One day it rained, whole bucketsful of water, that poured in torrents from a miserable, angry sky. Too wet a day for bits of boys to be trudging to school, so Titee's mother thought; so she kept him at home to watch the weather through the window, fretting and fuming like a regular storm in miniature. As the day wore on, and the rain did not abate, his mother kept a strong watch upon him, for he tried many times to slip away.

Dinner came and went, and the gray soddenness of the skies deepened into the blackness of coming night. Someone called Titee to go to bed, and Titee was nowhere to be found.

Under the beds, in closets and corners, in such impossible places as the soap-dish and water-pitcher even, they searched, but he had gone as completely as if he had been spirited away. It was of no use to call up the neighbors, he had never been near their houses, they affirmed, so there was nothing to do but to go to the railroad track where Titee had been seen so often trudging in the shrill north-wind.

With lanterns and sticks, and his little yellow dog, the rescuing party started down the track. The rain had ceased falling, but the wind blew a gale, scurrying great gray clouds over a fierce sky. It was not exactly dark, though in this part of the city there is neither gas nor electricity, and on such a night as this neither moon nor stars dared show their faces in so gray a sky; but a sort of all-diffused luminosity was in the air, as though the sea of atmosphere was charged with an ethereal phosphorescence.

Search as they did, there were no signs of Titee. The soft earth between the railroad ties crumbled between their feet without showing any small tracks or footprints.

"Mais, we may as well return," said the big brother; "he is not here."

"Oh, mon Dieu," urged the mother, "he is, he is; I know it."

So on they went, slipping on the wet earth, stumbling over the loose rocks, until a sudden wild yelp from Tiger brought them to a standstill.
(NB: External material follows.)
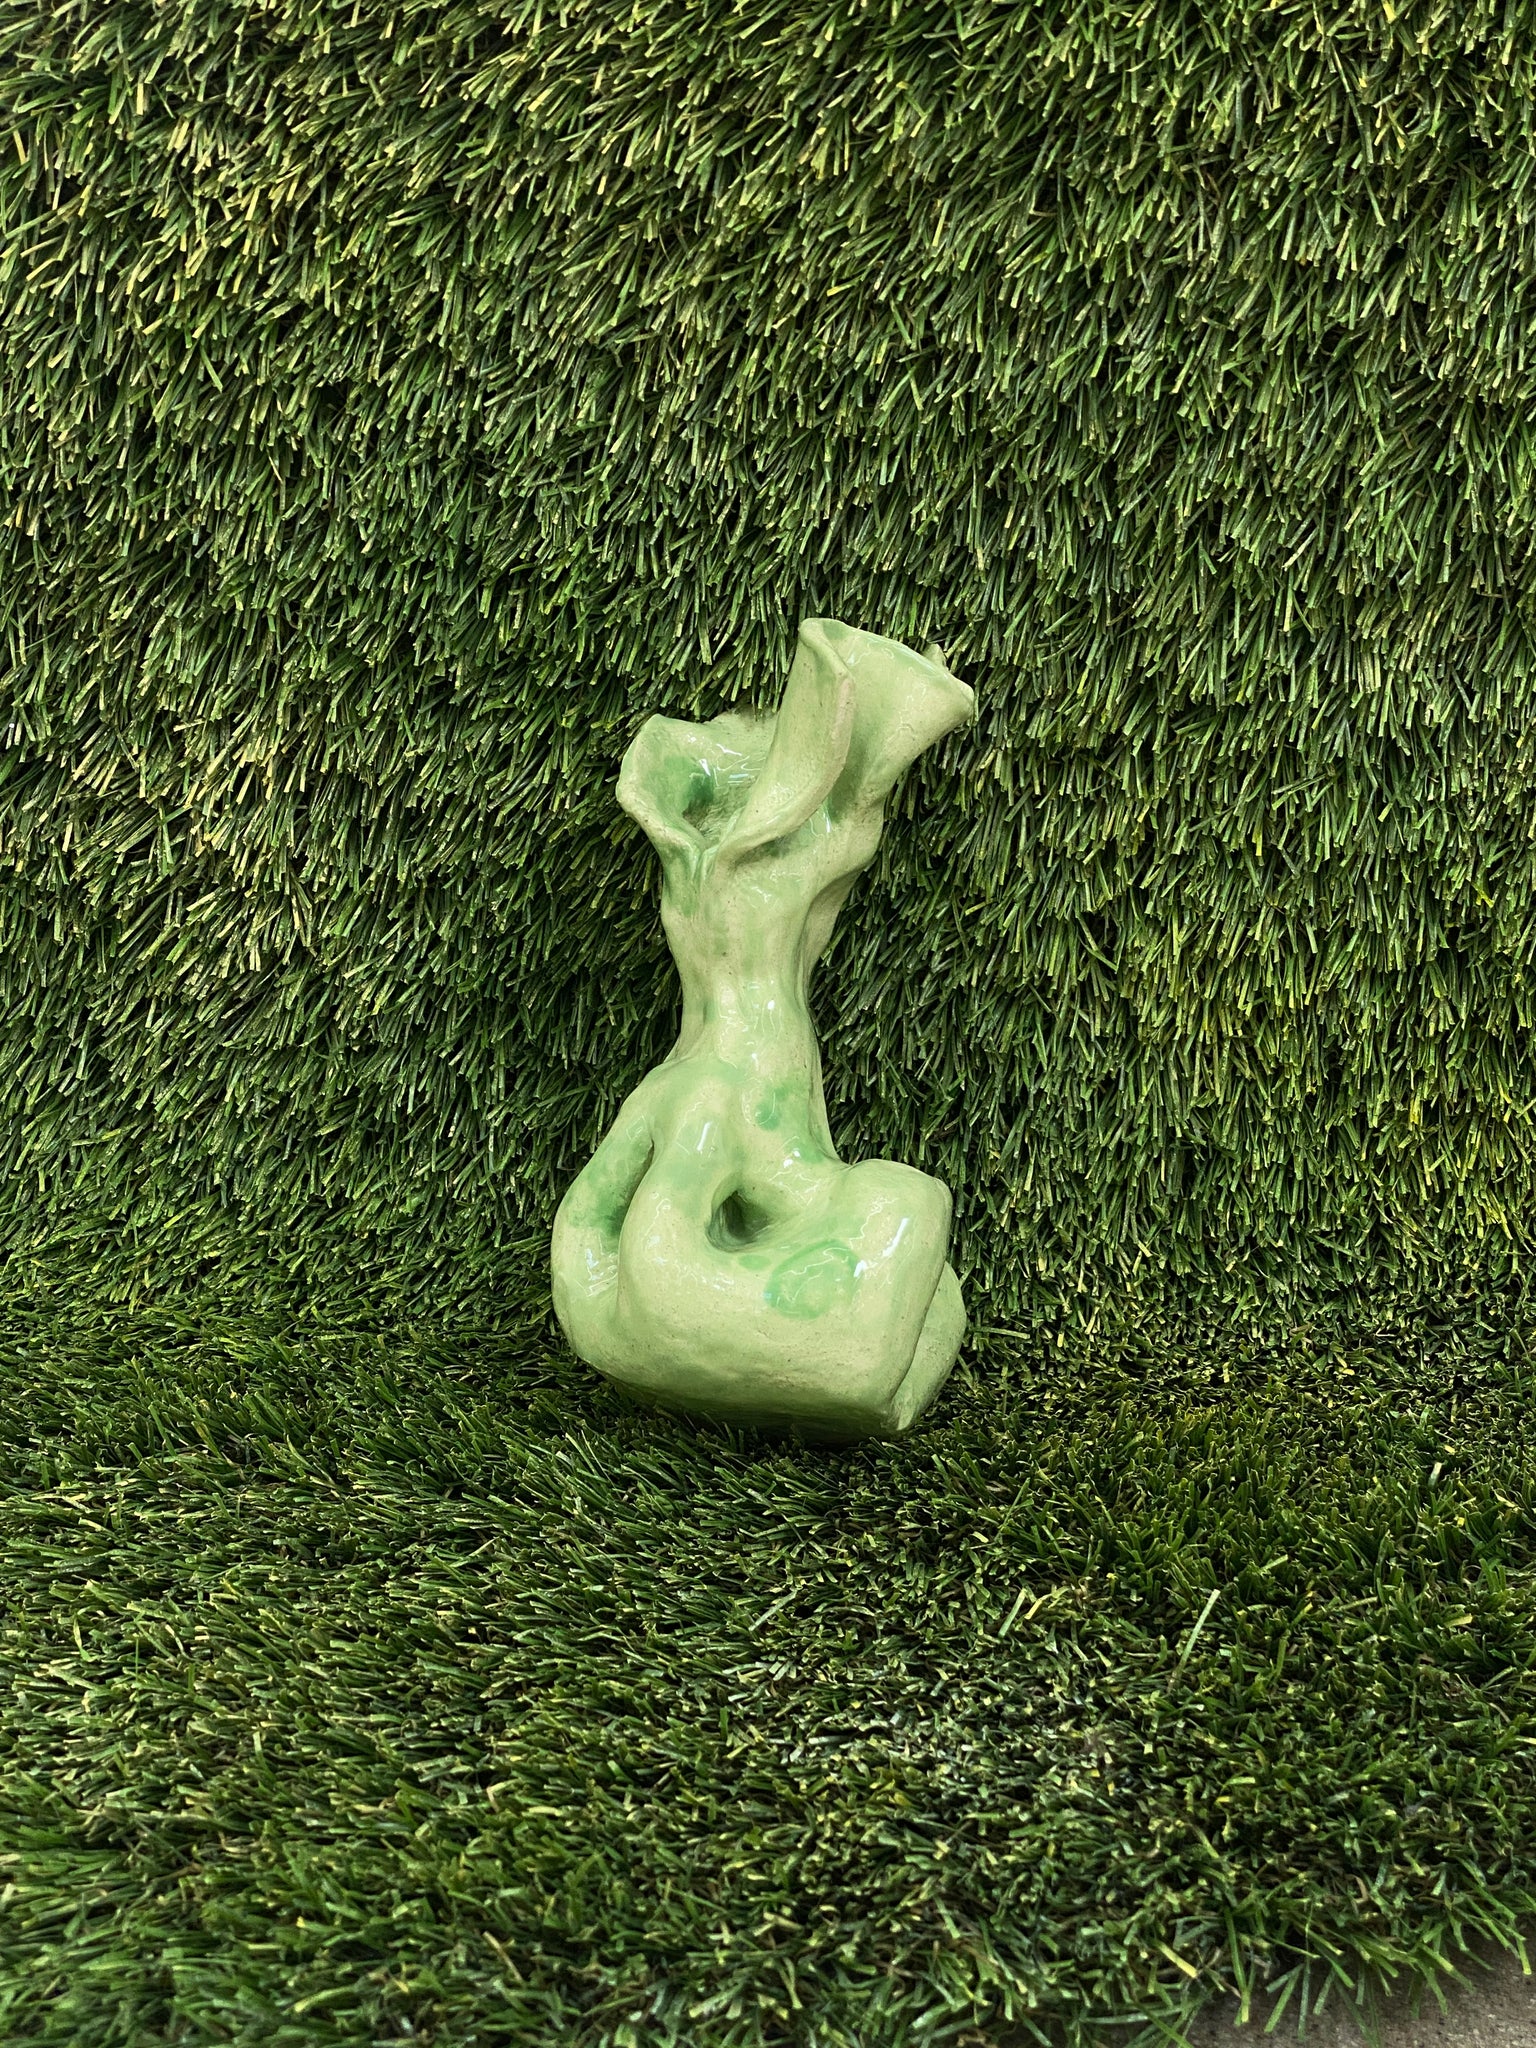 Ceramic sculpture of dog poop bag in light green

He had rushed ahead of them, and his voice could be heard in the distance, howling piteously.

With a fresh impetus the little muddy party hurried forward. Tiger's yelps could be heard plainer and plainer, mingled now with a muffled, plaintive little wail.

After a while they found a pitiful little heap of sodden rags, lying at the foot of a mound of earth and stones thrown upon the side of the track. It was Titee with a broken leg, all wet and miserable and moaning.